Took my baseline test, and got a disappointing 146. A major factor of such a low score is that I ran out of time in every section.
For section 1, did not get to read the last 7 questions before the time ran out.
For section 2, did not get to read last 8 questions and skipped 1 before the time ran out.
For section 3, skipped 3 questions near the end and didn't get to go back before time ran out.
For section 3, did not get to read the last 5 questions before the time ran out.
Speed is obviously a major contributor to the low score. If anyone has any words of wisdom, or encouragement it would be appreciated!! As you study for this test, I assume you will speed up, but do you think its possible for me to speed up enough to get to all the questions? Thanks for reading!
Comments
In LG, I got 12/16
In LR 1, I got 13/16
In LR 2, I got 15/22
In RC, I got 13/22
Understand that the vast majority of us on this forum put in 30-45+ hours per week on the LSAT and have been doing so for a good chunk of time. We don't do that because we're dummies. We do that because the LSAT is the hardest thing any of us have ever faced (at least academically/intellectually). It's the hardest thing the smartest people have ever faced. If they say it's not, don't believe them.
I started studying (rather casually, in retrospect) in July and only got deeply serious at the beginning of February. Prior to that I was only spending about 15 hours a week on LSAT, ramping up quite gradually as I've been out of school for a few years and it took me a while to figure out that I was capable of doing much more. My diagnostic was a 153 and, as of this writing, I hover between 166-170 (goal is 180) and have for what seems like a long time (it's not really a long time—it's just hard to manage expectations when so few top scorers are open about what their progress actually looked like quantitatively). I've been going hard (really hard) for 6 weeks without a break (keep ramping up more and more each week) and have 11 weeks to go. That's 11 weeks of 5+ hours per weeknight, 9-12 hours on Saturday, and 6-9 hours on Sundays. Did I mention I work full time and set Thursday evenings and Sunday mornings aside for group bible study/church? And I don't expect to be consistently at or near my goal range for at least as long as I've been studying this hard already (more than likely it'll come more slowly than I expect and I'll probably go into the test without having too many PT's under my belt that have hit that magic number). That's why it's a goal and not a presumption. But my goal is attainable with hard work—both LSAT skills and the emotional/mental diligence necessary to maintain motivation and mindset—and everything I've read has confirmed this.

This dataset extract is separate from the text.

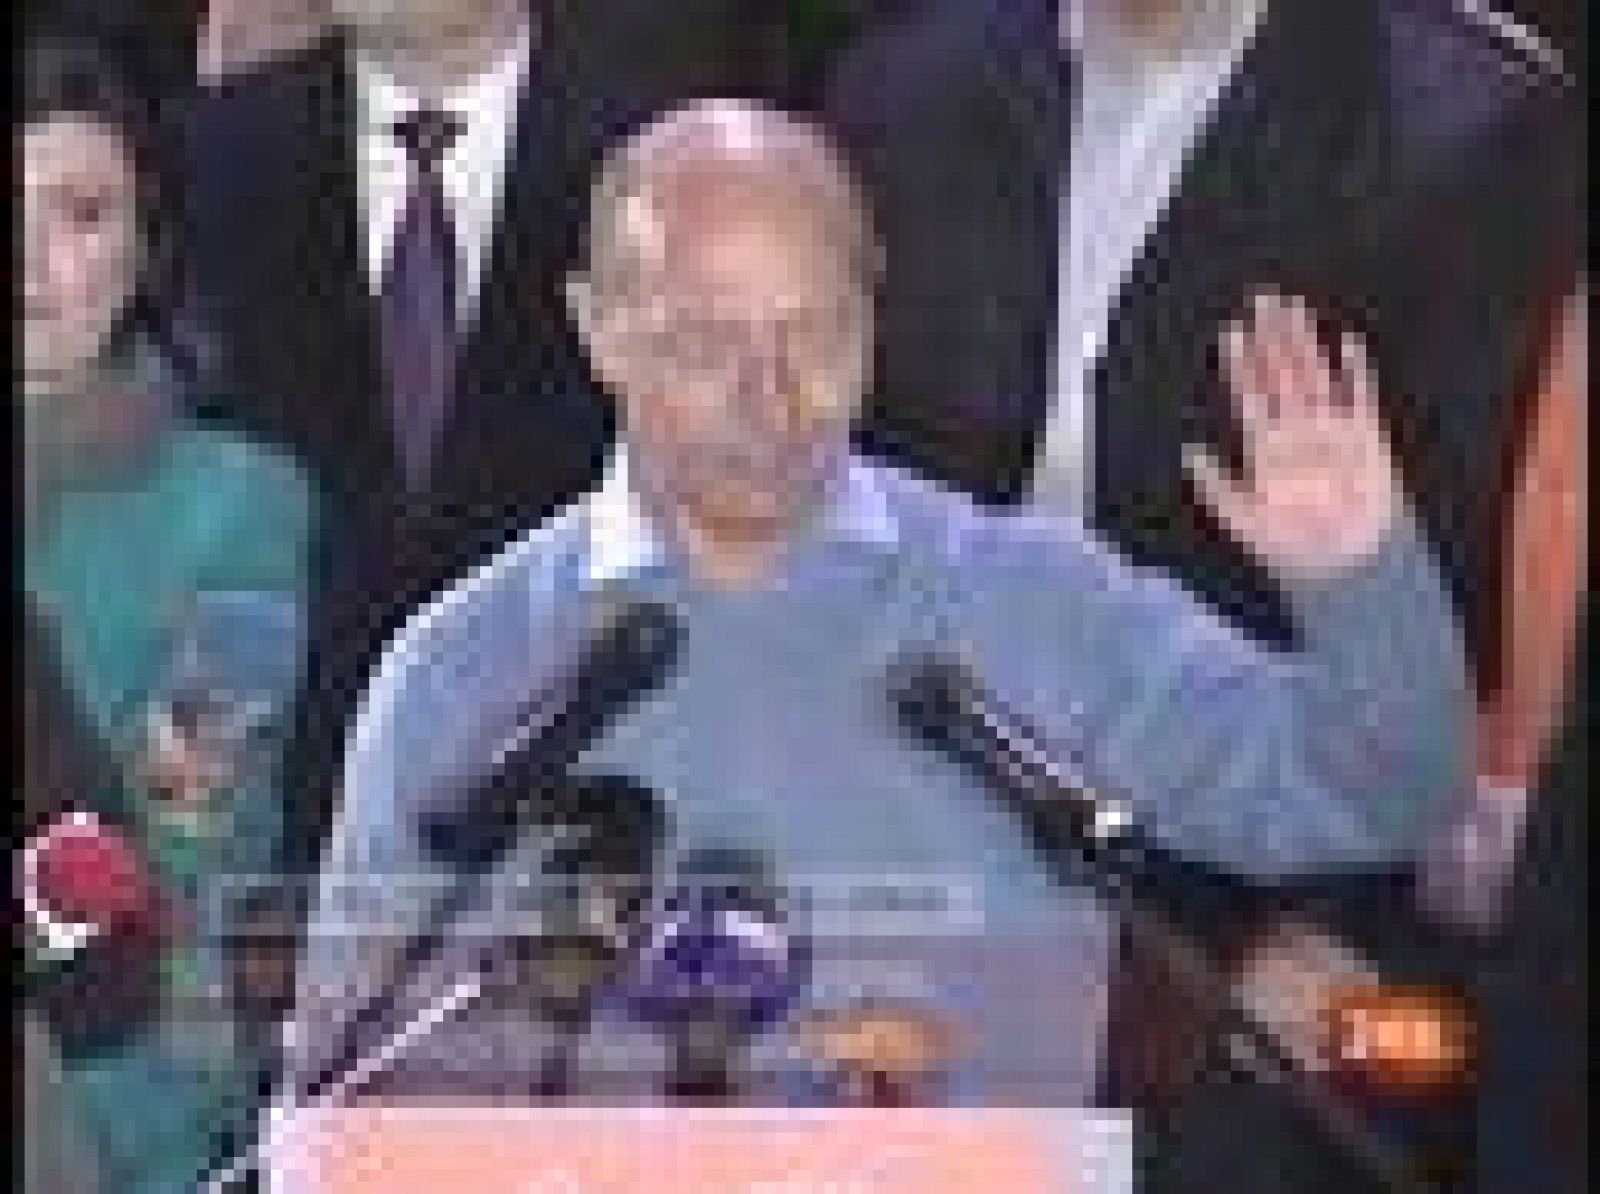 El candidato del Partido Social Demócrata (PSD), Mircea Geoana, ha conseguido entre el 51 y el 52% de los votos frente al actual jefe del Estado, Traian Basescu, en la segunda vuelta de las elecciones presidenciales rumanas, según los primeros sondeos a pie de urna (06/12/09).

You must love the LSAT in order to be able to pursue it like this. You must love it in spite of the fact that it seems to invalidate all of your hard work. It doesn't feel very good to put in 40+ hours every week and have my PT score go down by 4 points, then back up by 2, then down by 1, then up by 5, then back down just below the average—and to have that happen for weeks on end. But I have learned that I must not seek validation nor encouragement from this test. I have a number of tools I use to measure progress on the different aspects that I am still working to master conceptually/habitually; but as soon as I have mitigated the effects of incomplete understanding or lack of practice or fuzzy thinking in one area, I am faced with the same and other challenges in another. But I'm learning; and so I press on. There are still topics I haven't covered in the depth I need to cover them. And soon I'll move from the conceptual stage into the next stage, and continue to supplement my understanding as needed. But I'm done expecting a magic fix that will make my score jump 10-15 points overnight. But I am still working towards the same goal.
If I waited until I thought the LSAT was finally loving me—by giving me what I want from it, that number I want, all the time—to love it back, I would have collapsed weeks ago. Months ago. Each time I sit for a test or a drill I have to fight that temptation to look to it to tell me I'm not on a fool's errand—that all my hard work is worth something. I (you) must find a source of validation that has nothing to do with my (your) performance.
Set a goal, and then become the person who reaches that goal. And know that it will take more out of you than anything you've likely experienced. I feel like I can say this with a high degree of confidence—I'm a survivor of one of the most grueling undergraduate educations known to modern man. And LSAT is harder than anything I did in college. But it's possible, and it's worth it.
It's very possible to up your score on 15-20 hours of weekly studying.